▶ **Work to complete**: What is needed is the exact text of each line in the listing below from the one with "We stepped outside" up to and including the one with "Cane Corso vs", and no pictures.

▶ **Records shown**:
================

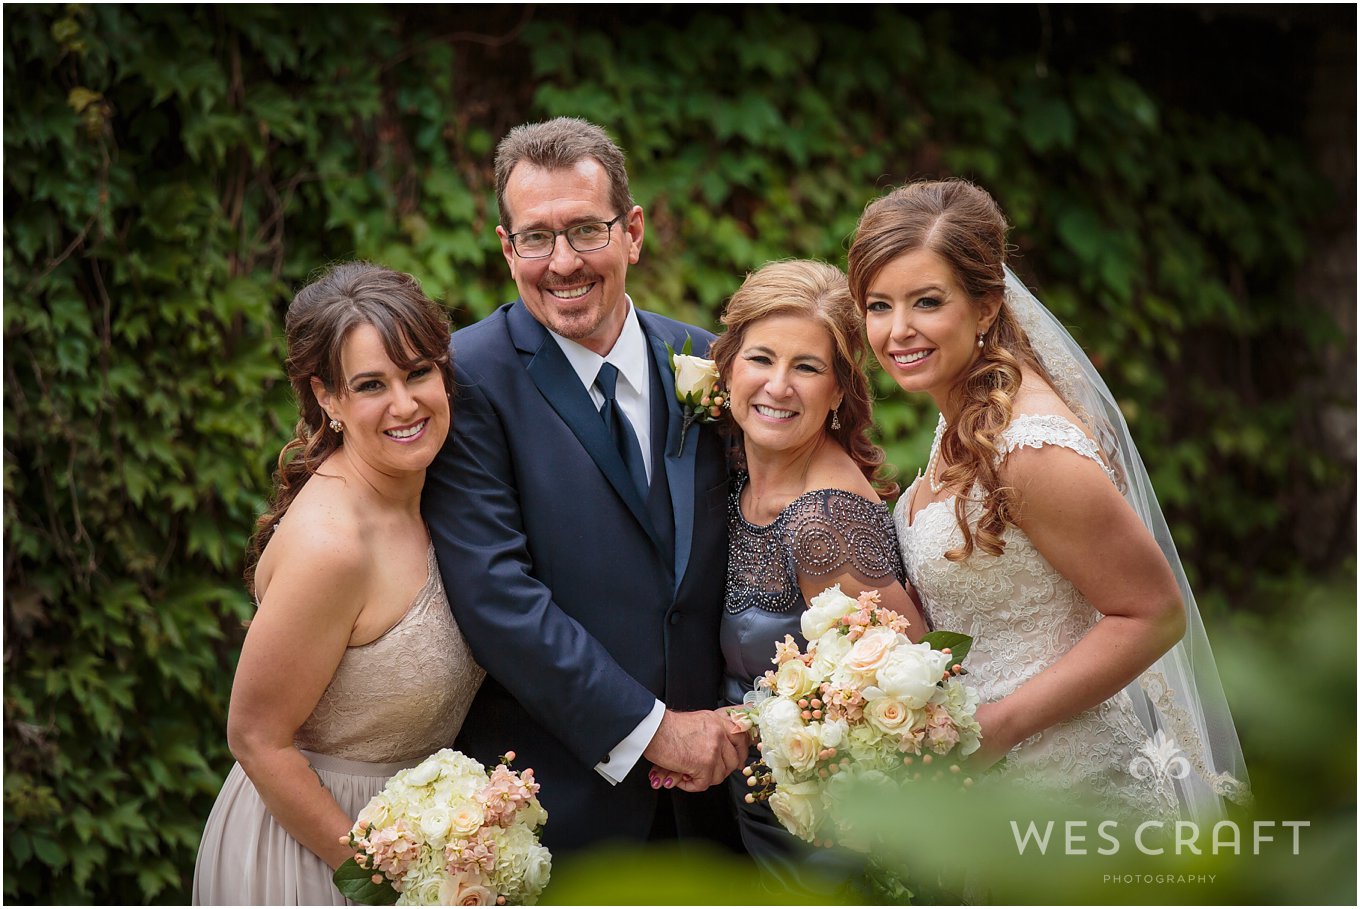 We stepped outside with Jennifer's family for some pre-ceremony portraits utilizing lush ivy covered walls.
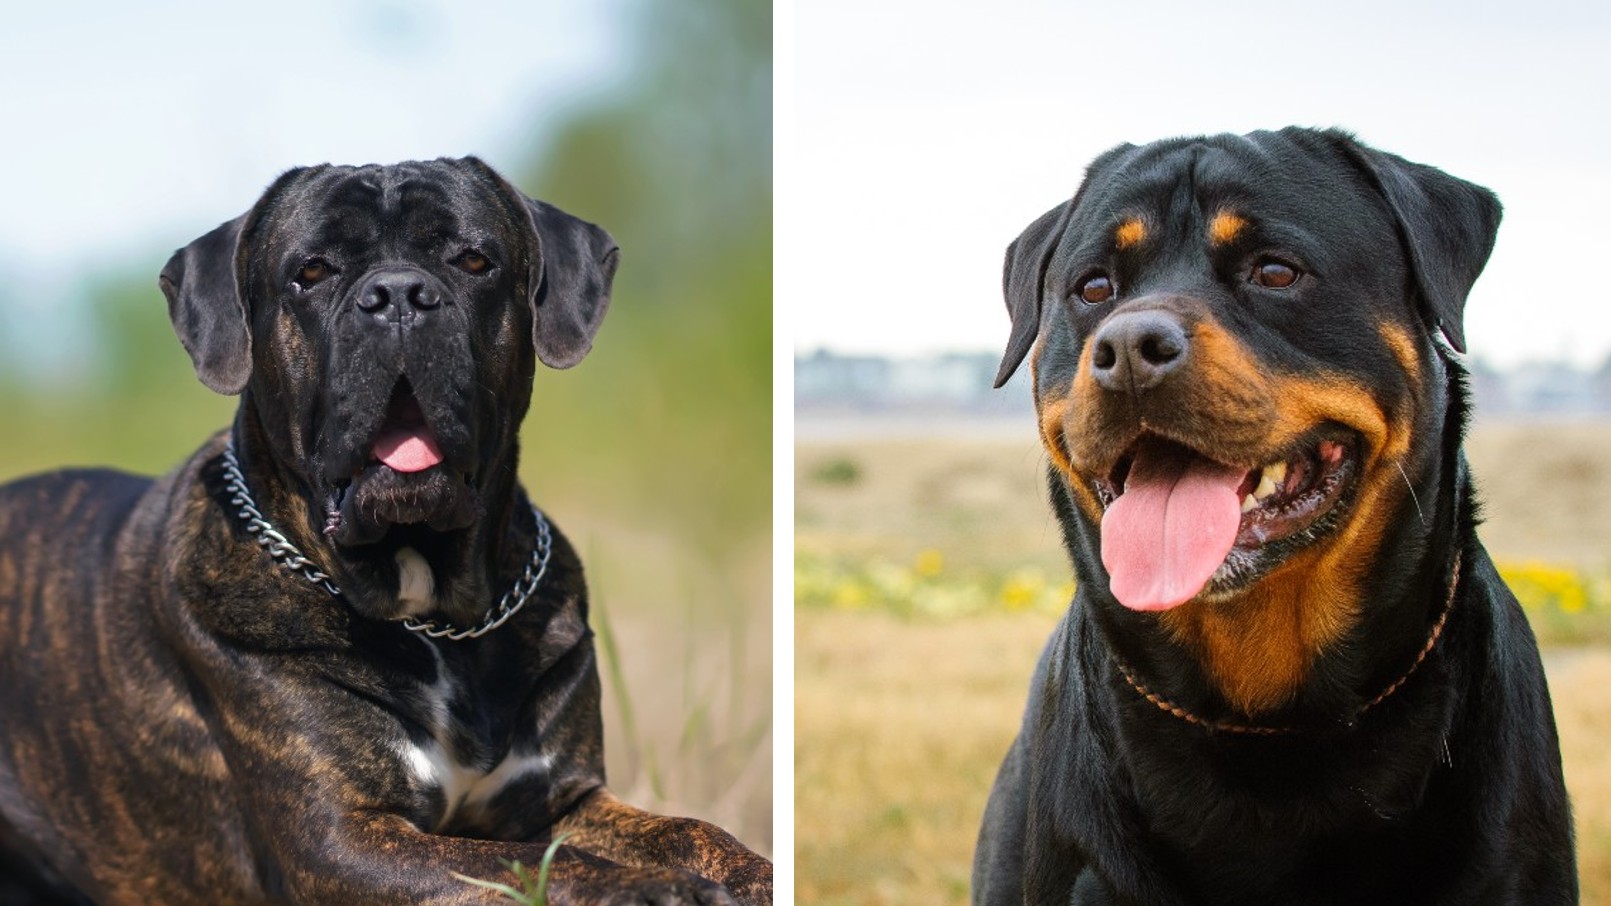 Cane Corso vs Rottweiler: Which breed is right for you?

================

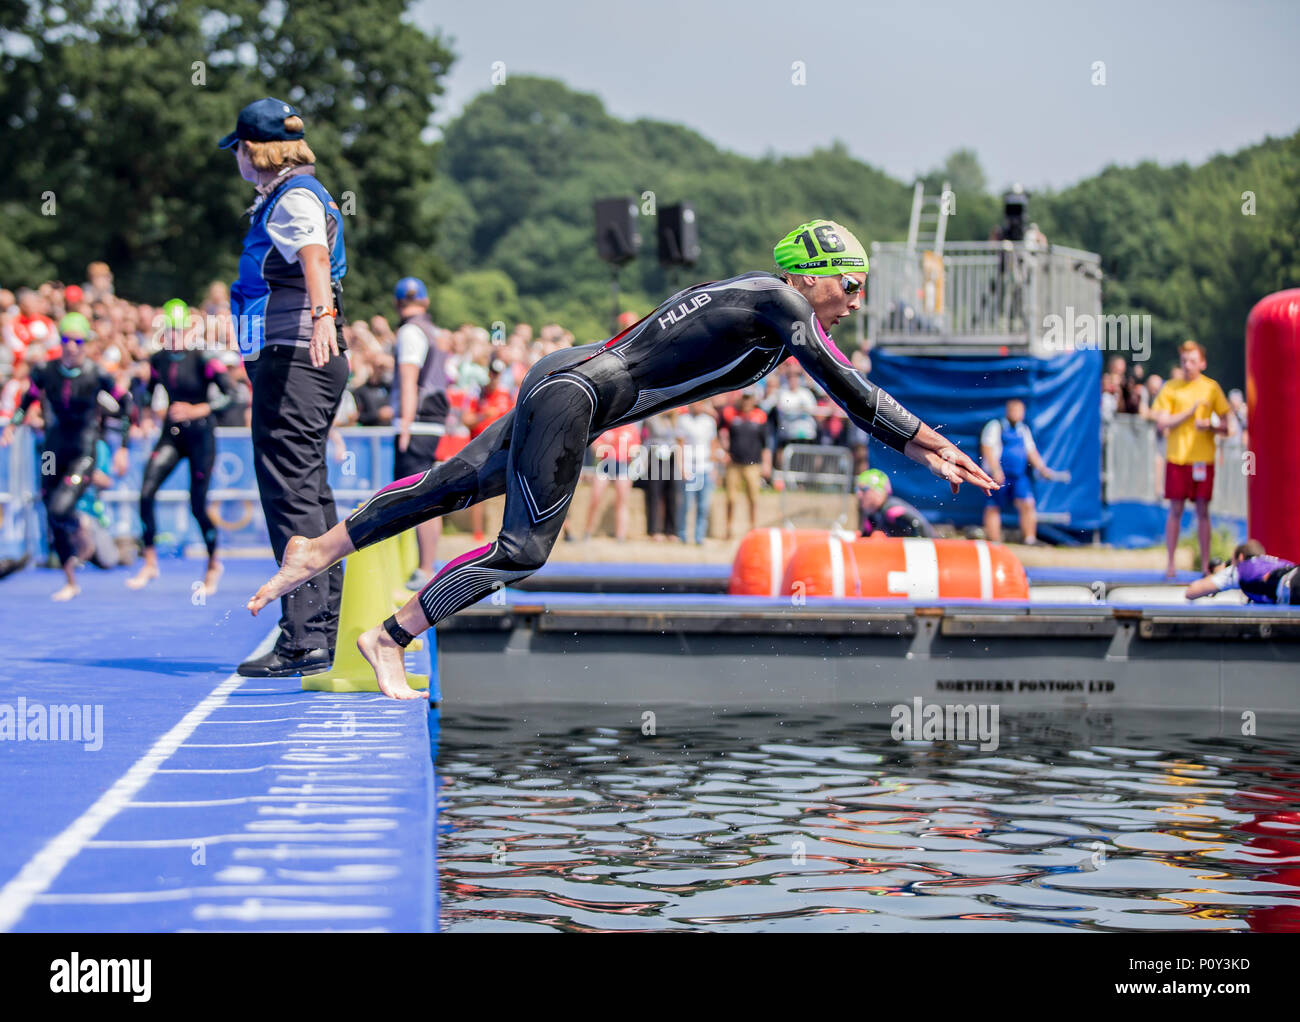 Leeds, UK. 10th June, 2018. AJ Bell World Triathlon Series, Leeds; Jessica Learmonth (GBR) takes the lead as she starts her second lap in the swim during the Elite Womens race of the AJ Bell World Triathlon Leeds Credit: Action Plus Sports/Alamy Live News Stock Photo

================

▶ **Written solution**:
 We stepped outside with Jennifer's family for some pre-ceremony portraits utilizing lush ivy covered walls.
 Cane Corso vs Rottweiler: Which breed is right for you?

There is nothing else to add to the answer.